6. Emerging Directions and Open Challenges
Key frontiers for spoken dialogue modeling include:
- Full-duplex synchronization: Real-time systems require architectures capable of cognitive parallelism—encoding and generating audio simultaneously with minimal latency—with emergent behavioral arbitration and robust interruption management (Chen et al., 18 Sep 2025).
- Unified modeling: Moving toward end-to-end, text-free approaches that jointly plan response content and prosody, leveraging LLM-scale models for both semantic and phonological generation (Zhou et al., 2023, Park et al., 12 Jun 2024).
- Multimodal and multimodal learning: Incorporation of visual cues, gestures, and face-to-face synthesis substantially improves robustness in noise and user engagement (Park et al., 12 Jun 2024).
- Advanced tokenization: Transitioning to hybrid tokenizers (combining semantic and acoustic features) and low-frame-rate representations to balance compression and expressivity (Ji et al., 15 Nov 2024).
- Improved reward learning and RLHF: Human feedback and preference optimization for tuning speech quality and safety criteria are underexplored but required for practical deployment.
- Evaluation standardization: There is a critical need for shared, multi-domain, open-source benchmarks and measurement suites that reflect both interactive naturalness and downstream task success (Si et al., 2023, Ji et al., 15 Nov 2024).
7. Synthesis and Outlook
The WavChat research landscape encompasses deterministic modular cascades, advanced neural architectures for streaming, full-duplex interaction, and multi-modal generation. There is clear evidence that self-supervised and cross-modal learning unlocks robust representations for speech perception and production. Token-based and hybrid models bridge symbolic reasoning with prosodic and paralinguistic control, while benchmarks such as SpokenWOZ and MultiDialog drive research on ASR error tolerance, slot reasoning, real-time turn-taking, and expressive interaction (Ji et al., 15 Nov 2024, Si et al., 2023, Park et al., 12 Jun 2024).
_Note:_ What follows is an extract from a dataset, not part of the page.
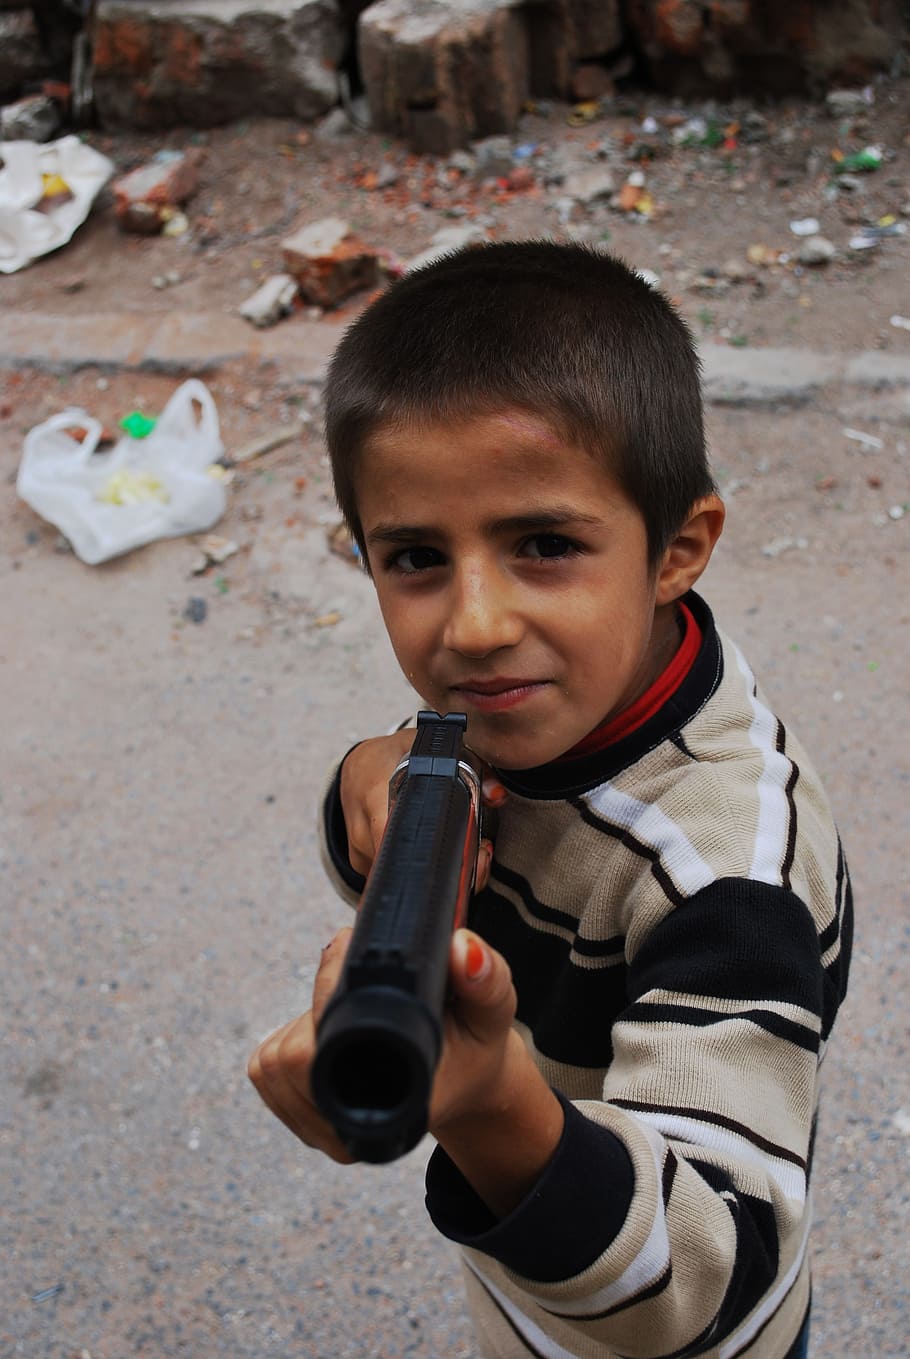 boy holding pistol toy, gun, pointing, smiling, trash, child

Despite these advances, pressing challenges persist: seamless full-duplex integration, interpretability, robust few-shot/generalization, and reproducible evaluation. Addressing these will require harmonized efforts in architectural design, data collection, open evaluation, and human-in-the-loop preference optimization to realize conversational agents that truly “hear, think, and speak” in natural, synchronous dialogue (Ji et al., 15 Nov 2024, Chen et al., 18 Sep 2025).